Tayari Farmers Company Ltd v Paul Mbugua Njau [2006] KEHC 2968 (KLR) | Dismissal For Want Of Prosecution | Esheria

Tayari Farmers Company Ltd v Paul Mbugua Njau [2006] KEHC 2968 (KLR)

Full Case Text

REPUBLIC OF KENYA

IN THE HIGH COURT OF KENYA

AT NAKURU

Civil Appeal 127 of 2000

TAYARI FARMERS COMPANY LTD……....................................….…….APPELLANT

VERSUS

PAUL MBUGUA NJAU………………....................................…………RESPONDENT

RULING

The respondent, Paul Mbugua Njau, has made an application under the provisions of Order XLI rule 31(a) of the Civil Procedure Rules seeking the order of this court to have the appeal filed by the appellant Tayari Farmers Company Limited, dismissed for want of prosecution.  The grounds in support of the application is that the appellant had failed to prosecute the appeal four years and three months after the appeal was admitted to hearing.  The application is supported by the annexed affidavit of the respondent.  The application is opposed.  An official of the appellant Benson Kiragu Miritu has sworn a replying affidavit opposing the application.  In the said replying affidavit he has stated that the delay in preparing the record of appeal was occasioned by the Molo Law Courts which had failed to avail the proceedings and the judgment to him in spite of making a request for the same.

At the hearing of the application, Miss Njoroge submitted that the High court had on the 5th of February 2001 written to the Senior Resident Magistrate Molo informing him that the appeal had been admitted to hearing and that the proceedings ought to be typed and be availed to the High Court to enable the appeal could be heard.  Miss Njoroge however laments that since then the appellant had not made any effort to procure the said proceedings or to prepare a record of appeal despite of several reminders being sent to its counsel by the respondent.  She submitted that the appellants had made no effort to fix this appeal for hearing.  She therefore urged this court to dismiss the appeal for want of prosecution.

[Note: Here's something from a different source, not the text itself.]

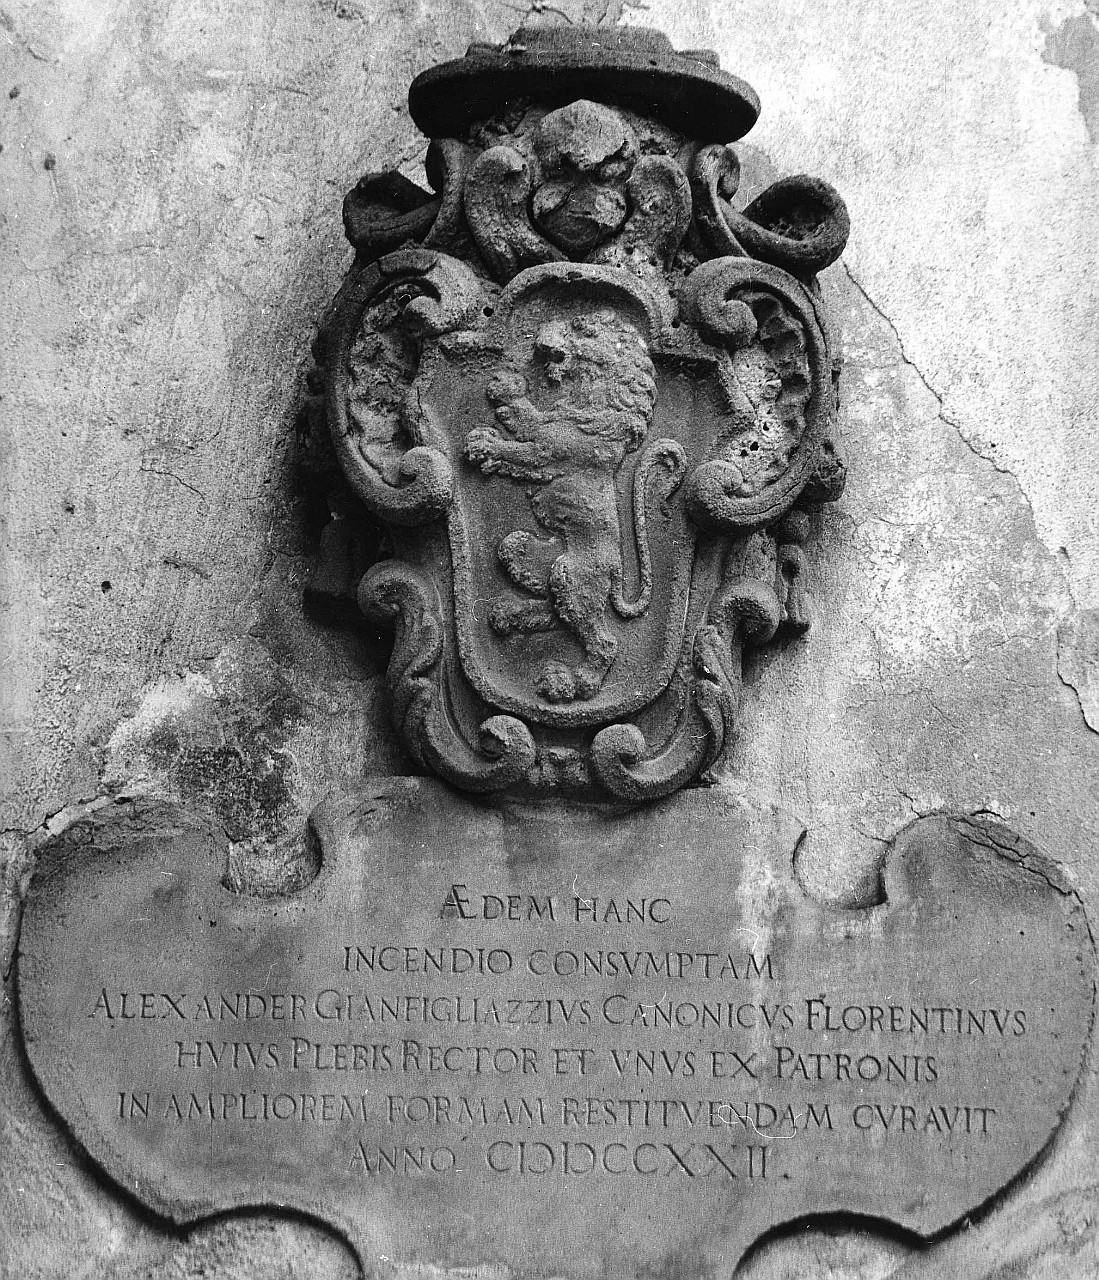 stemma gentilizio della famiglia Gianfigliazzi (scultura) - bottega toscana (primo quarto sec. XVIII)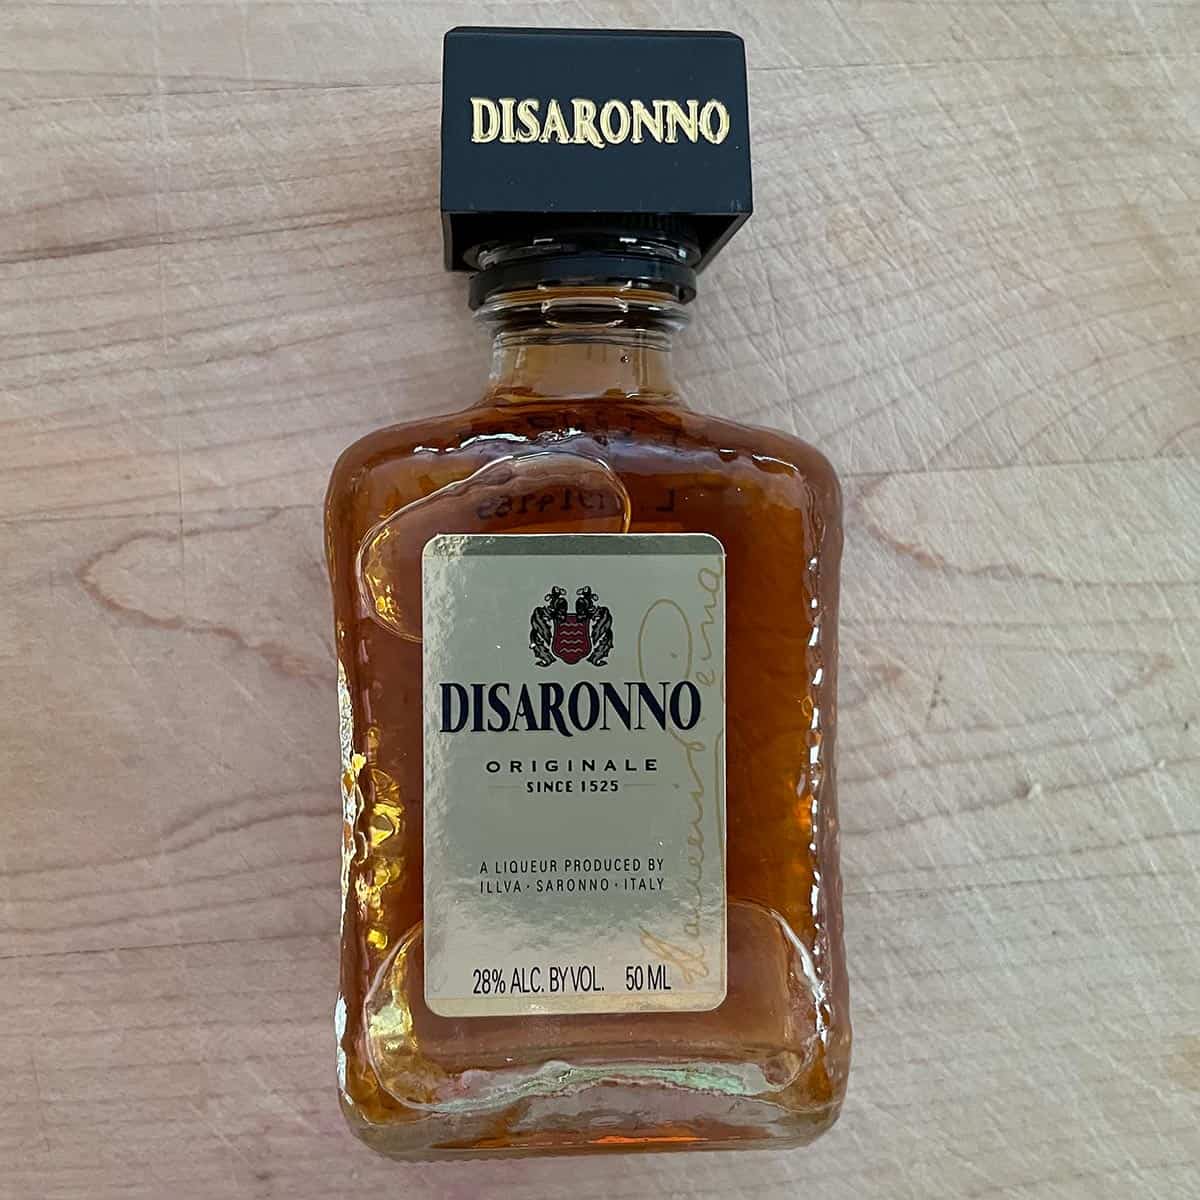 Small bottle of Disaronno Amaretto.

Mr Karanja, learned counsel for the appellant admitted that no record of appeal had been prepared by the appellants.  He however pleaded with this court not to dismiss the appeal for want of prosecution. He urged this court to strive to have the appeal heard and determined on merits.  He further urged this court to consider applying substantial justice in this matter by allowing the appellant to prosecute his appeal.  He submitted that the appellant was willing to comply with any conditions that may be imposed by the court.  He further submitted that Miss Njoroge was not properly on record as acting for the respondent because she had not sought leave of the court to be allowed to so appear for the said respondent.  He urged this court to dismiss the application with costs.

I have carefully considered the rival arguments made before me by the learned counsel for the appellant and the learned counsel for the respondent.  I have also read the pleadings filed by the parties to this application.  This appeal was filed on the 5th of December 2000.  There is no evidence that the appellant applied for the proceedings of the lower court to be typed.  The appeal herein was admitted to hearing on the 2nd of February 2001.  The Deputy Registrar of this court requested  the proceedings to be typed by the Senior Resident Magistrate Molo and the same to be availed to this  court for the purpose of the hearing and determination of this appeal.  The said proceedings were typed and the subordinate’s court file together with the proceedings sent to the High Court.  However since the filing of the said appeal, the appellant has made no effort to prepare the record of appeal or to take directions to enable the appeal to be heard by this court.  It is therefore untrue for the appellant to allege that it was hampered from filing the appeal because of lack of typed copies of the proceedings.

The appellant has been indolent.  It has shown no interest at all in prosecuting this appeal.  The respondent sent the appellant more than six reminders since the year 2003 to expedite the preparation of the record of appeal so that this appeal could be heard.  The appellant however took no action.  It is now more than five years since the appeal was filed and the appellant has taken no single step to have this appeal ready for hearing.  In the circumstances of this case, the application by the respondent that the appeal be dismissed for want of prosecution has merit.  Although Miss Njoroge learned counsel for the respondent did not seek the leave of the lower court to be allowed to come on record on behalf of the respondent as provided for under Order III rule 9A of the Civil Procedure Rules, this court would in any event, on its own motion dismiss the appeal herein for want of prosecution.  The appellant has not given any reasonable explanation why it failed to take any steps to prosecute the appeal.  It is apparent that the appellant is no longer interested in this appeal.  The submissions made by its counsel, in my opinion, was meant to shore up a case which the appellant is actually no longer interested in.  I therefore dismiss the appeal herein for want of prosecution.

Since Miss Njoroge is not properly on record, I will make no orders as to costs in this application.

DATED at NAKURU this 8th day of March 2006.